I'd put down two thicknesses of 1/2 inch plywood.


----------



## firehawkmph (Dec 12, 2009)

Kchop,
My mainline of work is installing kitchens. I also do the related tile work, both flooring and backsplashes. Why people would want to put down cabinets first and tile around them baffles me. It makes no sense. If you are out to save a box of tile, that's not a good reason. Sheet the whole floor with tile and then put your cabinets down. It's easier for the tile installer, easier for the cabinet installer, and easier for the appliance installer. I charge less labor to tile a floor wall to wall with nothing in the way.

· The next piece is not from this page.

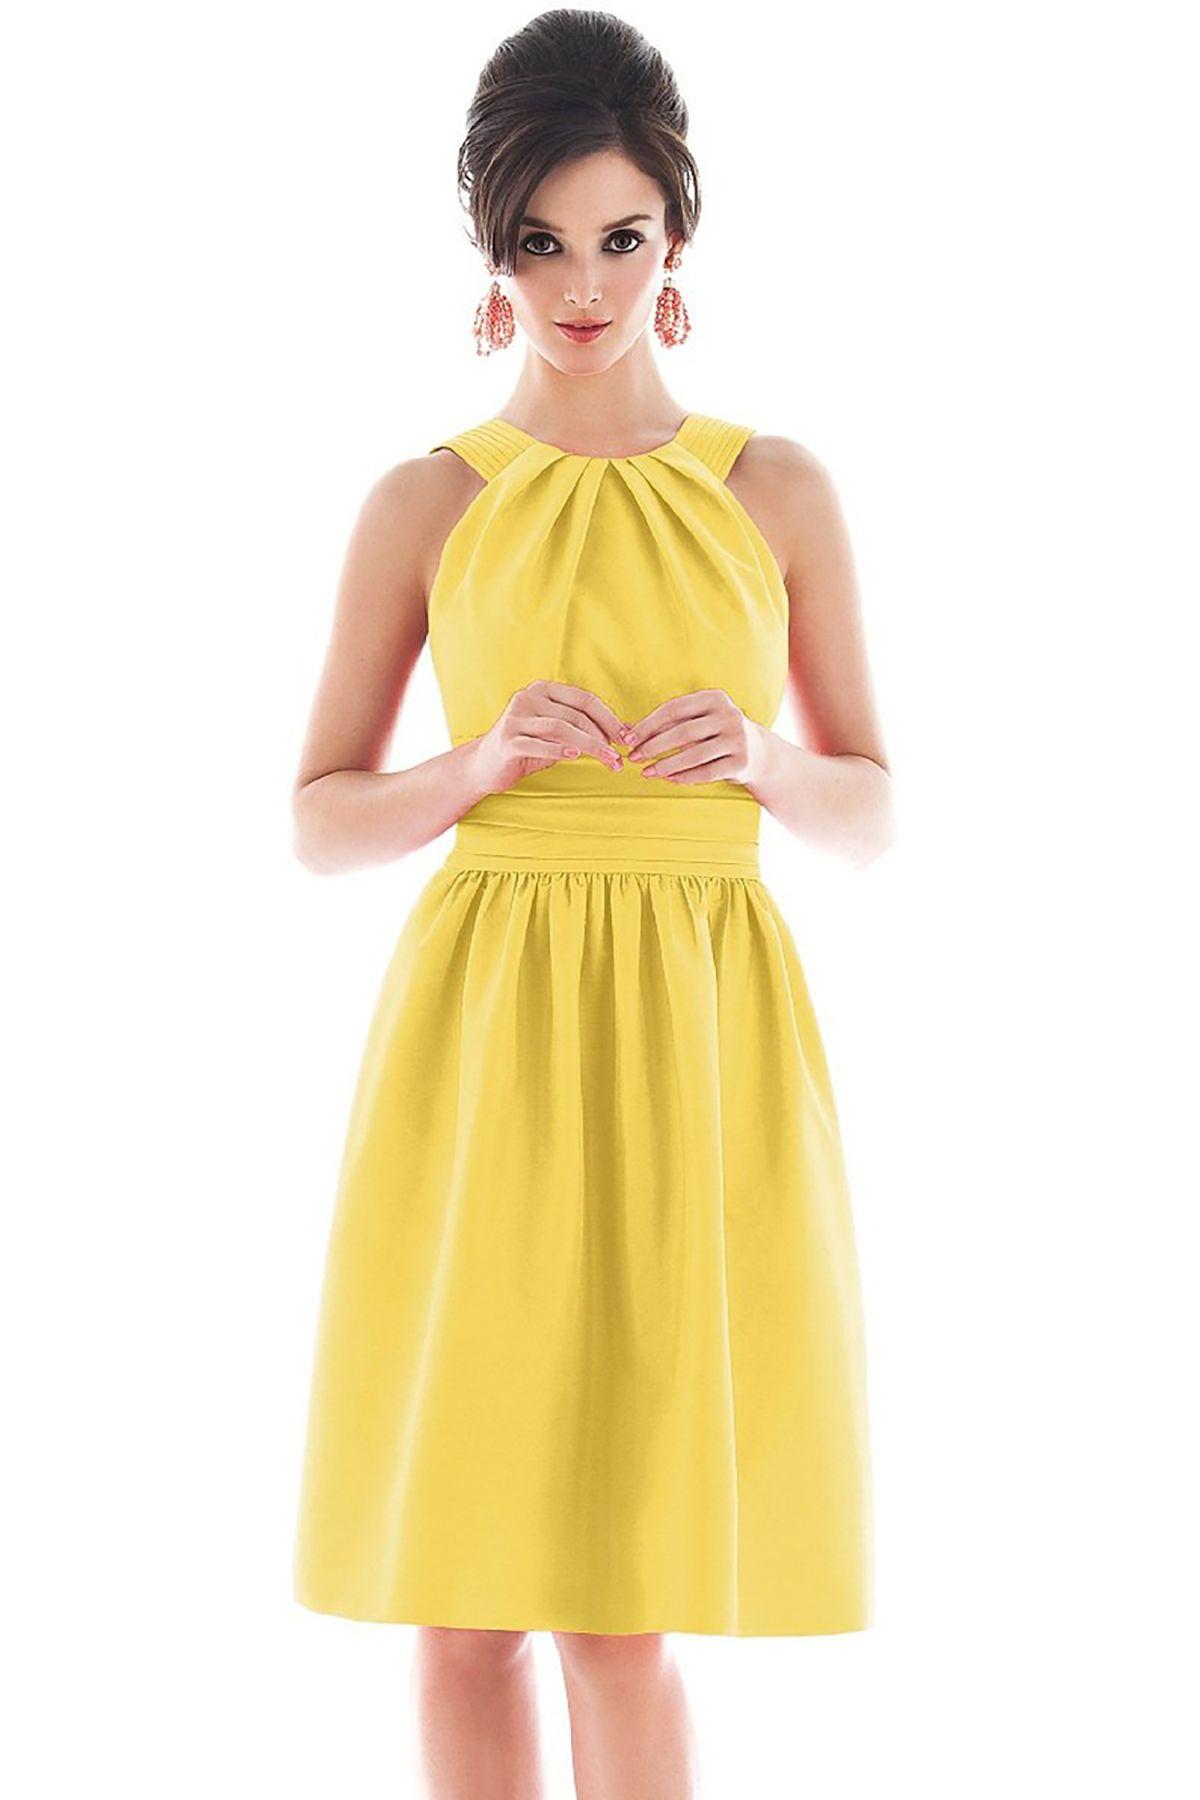 Shop alfred sung bridesmaid dress d494 in peau de soie at shop alfred sung bridesmaid dress d494 in peau de soie at weddington way find ombrellifo Choice Image

The tile guy also doesn't have to worry about getting thinset or grout on the cabinets, or possibly nicking a door, etc. 
So as you can see, I wish you would put your tile in first. But if you don't, rip some wood the same thickness as the installed tile. If it's an inch, use an inch. Don't cut yourself short here.
Mike Hawkins


----------



## kchopper (Mar 14, 2009)

It's not so much about saving money on tile, it's the time. My tile installer will not be able to install the tile for a while. We have been without a kitchen for almost three months. I have read a ton on installing before or after and it seems everyone has their opinion on it but it's about a horse a piece. I can't wait any longer, I am installing the cabinets. My main concern is the appliances. Do I not install shims under the appiances? The dishwasher is what I am worried about. Should I not install shims under the dishwasher and just adjust the it so the dishwasher sits under the countertop? Thanks for all the help so far.


----------



## firehawkmph (Dec 12, 2009)

KC,
If you shim up the cabinets the same amount as the new floor, I would just cut some plywood the same thickness and put a piece in where the dishwasher goes. Same for the stove. Keep those pieces separate from what's under the cabinets. Refridge shouldn't matter at this point. When the tilesetter comes, pull the dishwasher and stove out and let him tile under both of these. Take the plywood pieces back out that the appliances were sitting on before he tiles. Hope that makes sense. The only thing the plywood is doing before the tile goes in is keeping the appliances up to their normal heights in relation to the countertops.
Mike Hawkins


----------



## kchopper (Mar 14, 2009)

That's what I needed to know. Thanks for the help everyone.


----------